Oggi, la Corte d’Appello di Lecce, con la pronuncia del 9 aprile scorso, dice, inoltre, “no” alla richiesta del ministero della Giustizia di sospendere l’esecutività della sentenza, rigettando l’istanza che era stata presentata.
La scelta di Nordio
Una “vittoria” per il Sappe, il sindacato autonomo della polizia penitenziaria, che in una nota parla di «sentenza storica», ricordando che in una vecchia interpellanza il ministro Nordio ha risposto che le sigarette ai detenuti non verranno appunto negate. «Va osservato che all’interno dei penitenziari il consumo di tabacco rappresenta una delle modalità compensative cui la popolazione reclusa ricorre a fronte del disagio derivante dallo stato di privazione materiale e psicologica connesso alla condizione detentiva; ragion per cui – replica Nordio – un intervento drasticamente riduttivo della possibilità di fumare potrebbe avere effetti destabilizzanti».
L’appello
Una storia, pertanto, che testimonia quante ombre sulla vita in carcere gravino non solo sui detenuti, vittime di un sistema che tradisce la Costituzione e i suoi principi, ma anche sugli agenti della polizia penitenziaria. «Non solo 34 suicidi tra i detenuti, ma anche quattro negli ultimi mesi tra il personale di polizia penitenziaria – denuncia Gennarino De Fazio, segretario generale della Uilpa Polizia Penitenziaria –. Quindi il paragone delle odierne prigioni a teatri di guerra non sembra affatto esagerato.

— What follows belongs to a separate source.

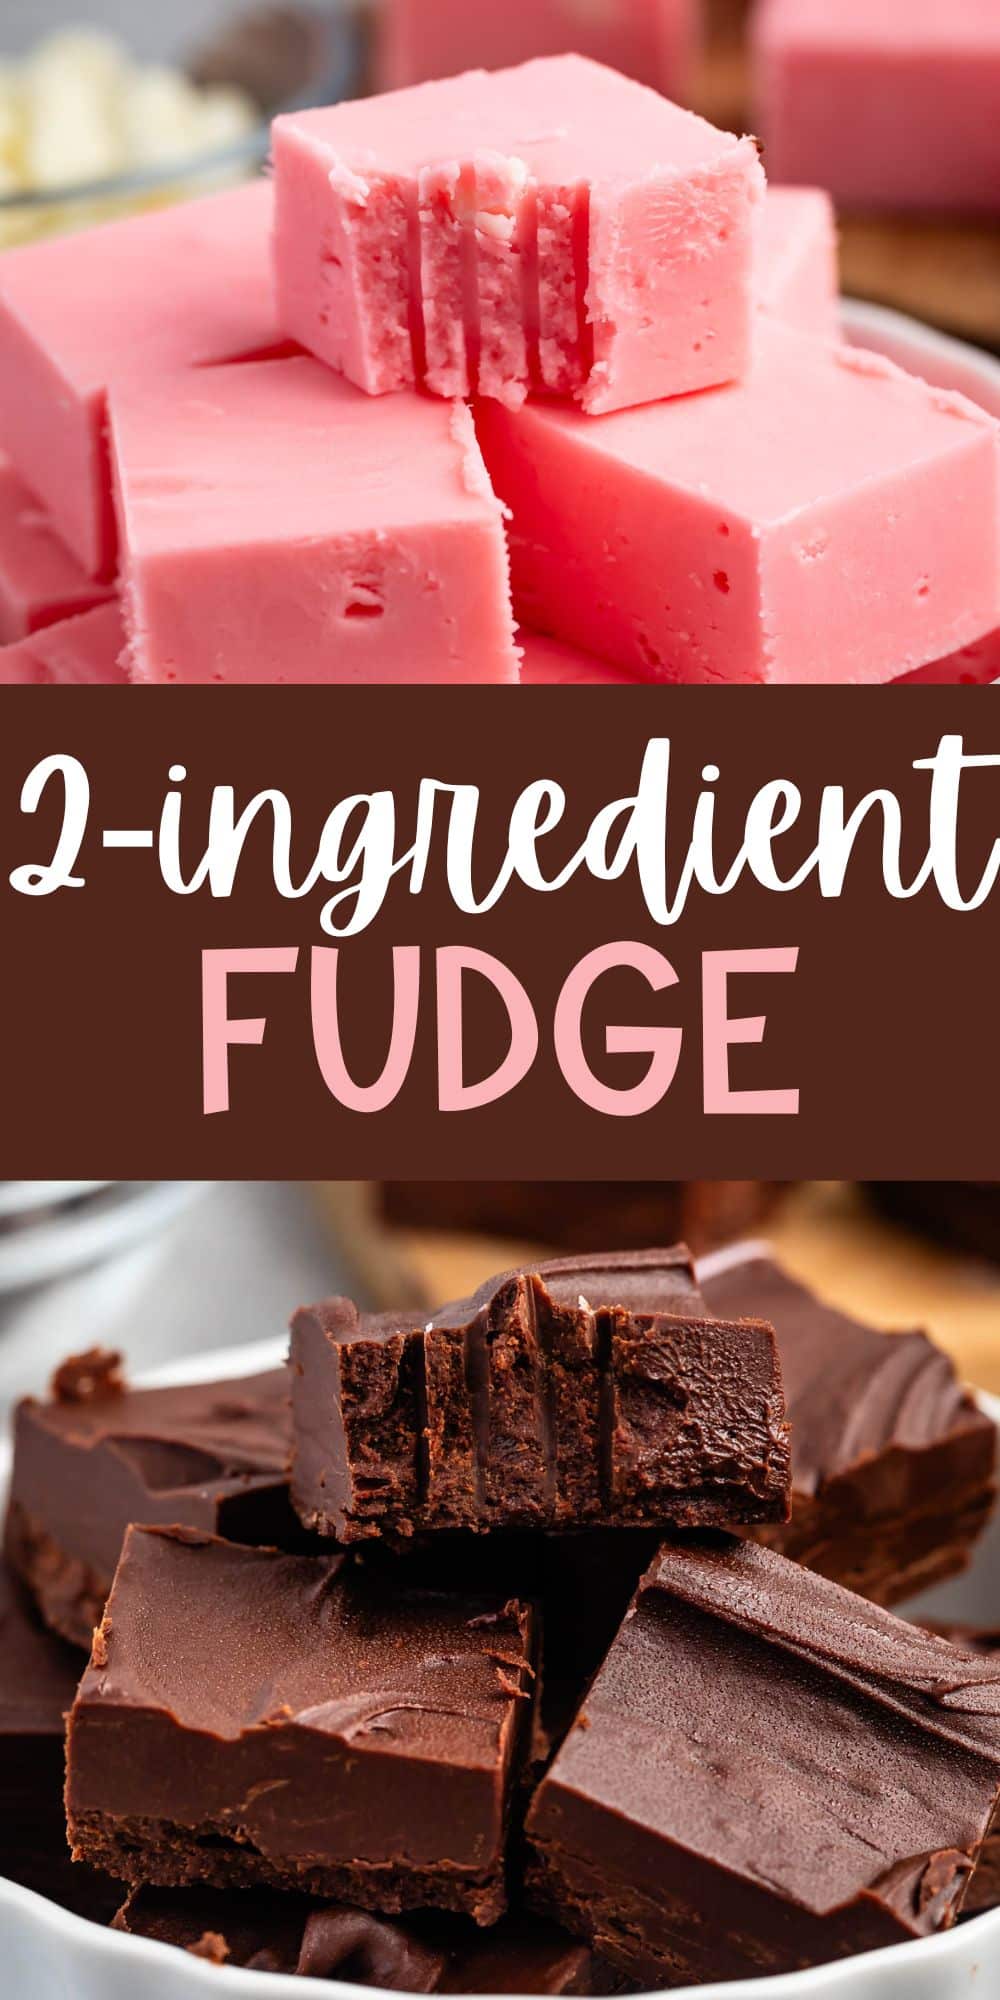 two photos of stacked brown and pink fudge in a white dish with words on the image.

Allora è di tutta evidenza che una situazione emergenziale, anche per il sovraffollamento detentivo (sono 14mila i detenuti in più) e l’insufficienza di operatori (al Corpo di polizia penitenziaria mancano 18mila unità) non possa essere efficacemente affrontata con misure e strumenti ordinari».
Da qui l’appello di De Fazio: «Il ministro della Giustizia, Carlo Nordio, il governo Meloni e il Parlamento tutto prendano atto della situazione e varino un decreto carceri per affrontare le questioni preminenti e, parallelamente, si avvii un percorso di riforme complessive per l’intero apparato d’esecuzione penale e, particolarmente, per quello inframurario. Presto, nostro malgrado, si toccherà un punto di non ritorno».
Intanto il 16 maggio l’associazione “Sbarre di zucchero” si troverà dinnanzi al ministero della Giustizia insieme ai familiari dei detenuti morti per suicidio in carcere al fine di protestare contro «un sistema – dice l’associazione – fallimentare». Un modo per «chiedere – conclude l’associazione – al ministero quelle risposte che già avrebbe dovuto dare».